For every line in the listing below that contains the word "layers", add one to the tally. State the final number and nothing else.

** Records follows **

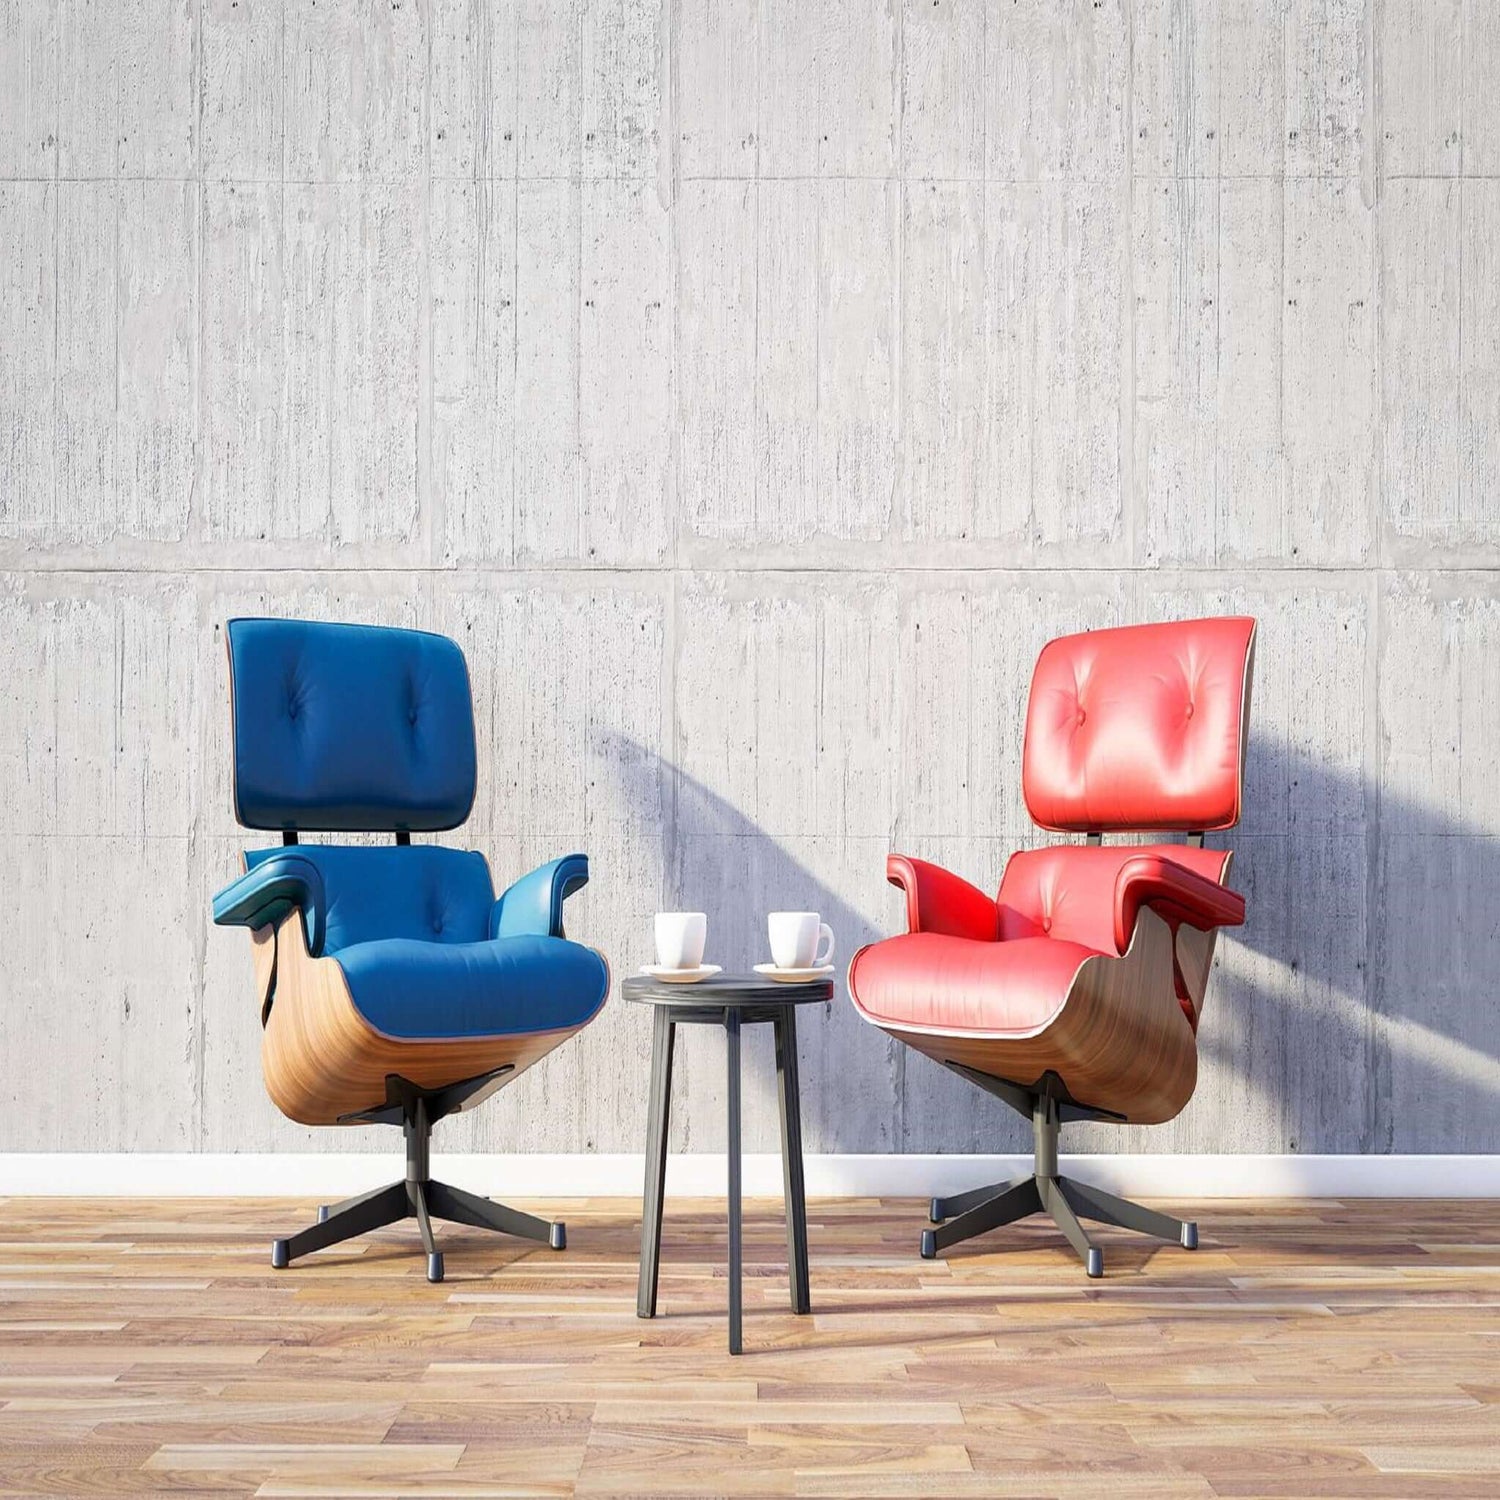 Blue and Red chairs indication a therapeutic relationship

** End of Records **
** Records follows **

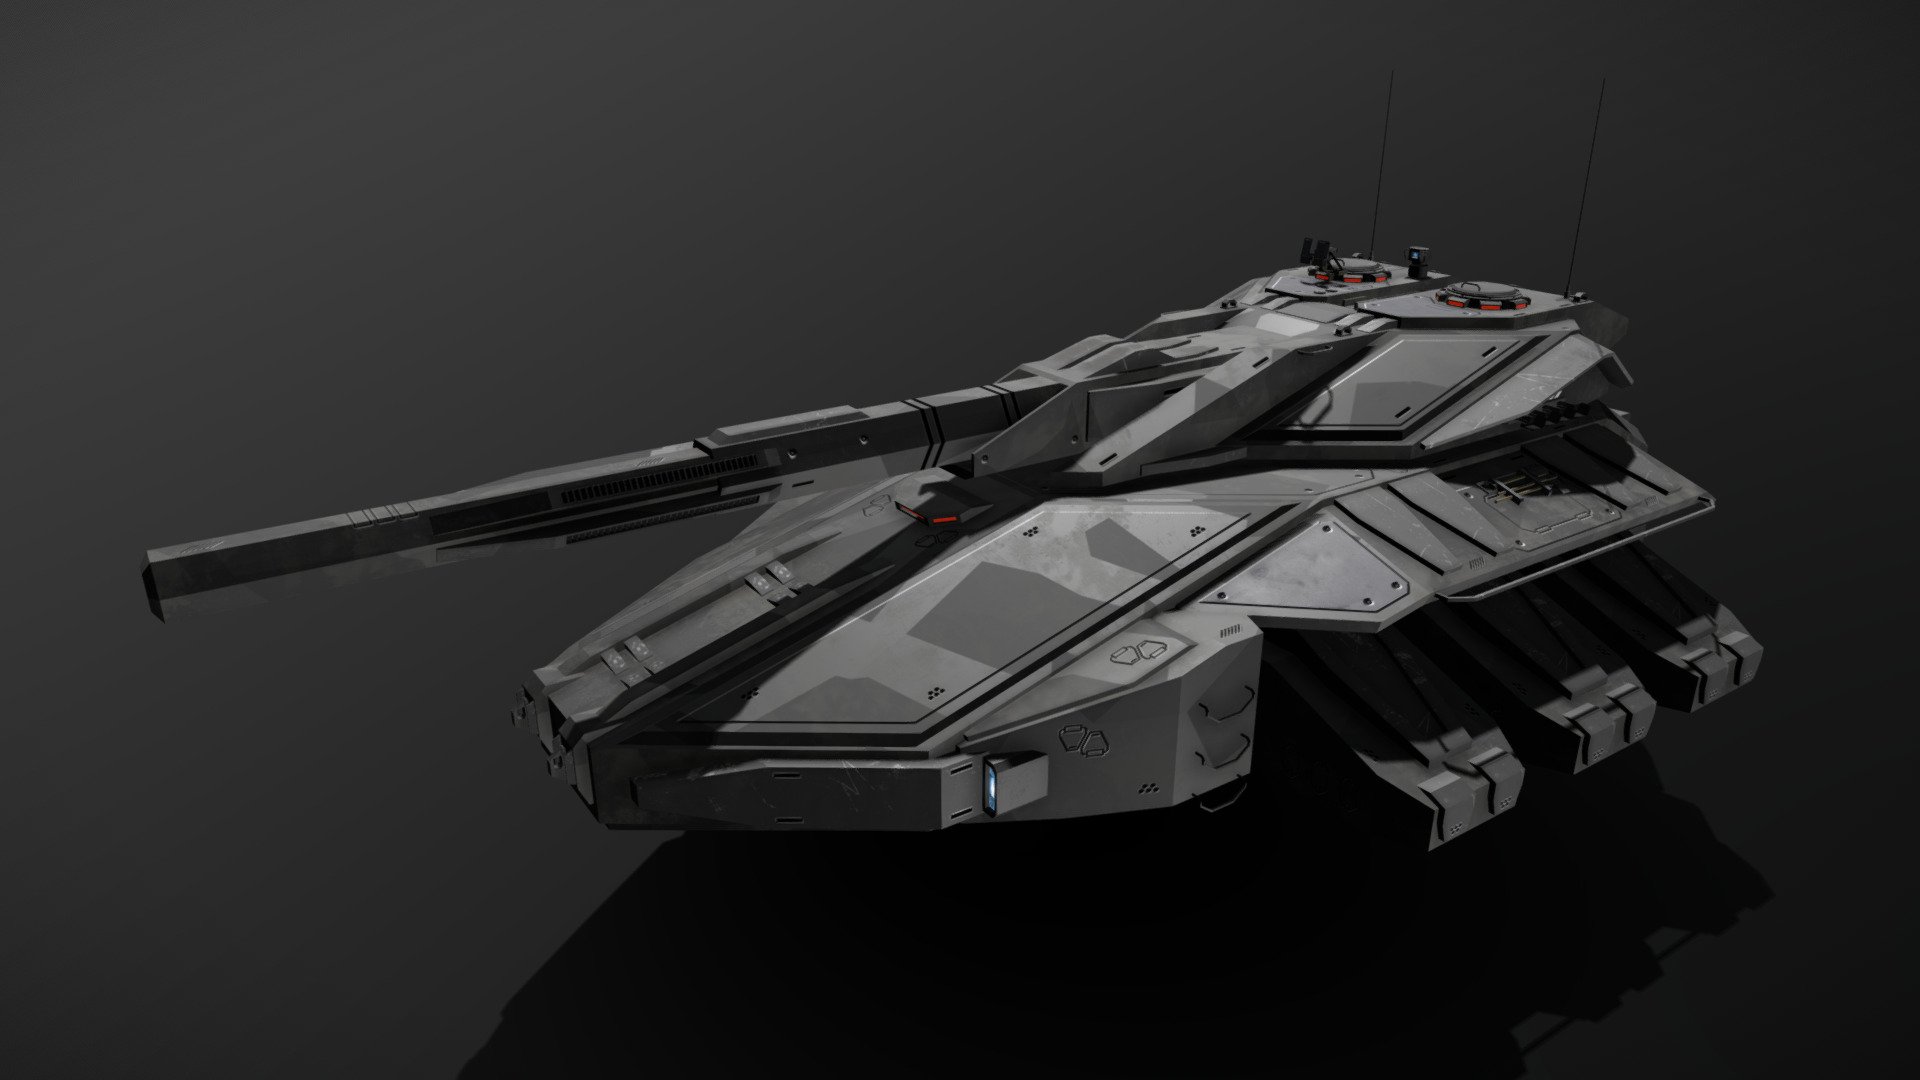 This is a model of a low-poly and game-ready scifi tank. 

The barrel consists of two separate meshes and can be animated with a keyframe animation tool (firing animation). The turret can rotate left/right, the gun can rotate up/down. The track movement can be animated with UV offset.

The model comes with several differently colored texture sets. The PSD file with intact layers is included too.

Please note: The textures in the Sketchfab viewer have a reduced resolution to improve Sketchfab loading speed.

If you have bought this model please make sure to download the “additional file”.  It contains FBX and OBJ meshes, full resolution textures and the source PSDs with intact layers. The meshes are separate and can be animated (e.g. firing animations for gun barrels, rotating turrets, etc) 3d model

** End of Records **
** Records follows **

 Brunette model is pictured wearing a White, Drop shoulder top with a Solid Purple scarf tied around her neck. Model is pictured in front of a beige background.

** End of Records **

**Finished exercise**. 2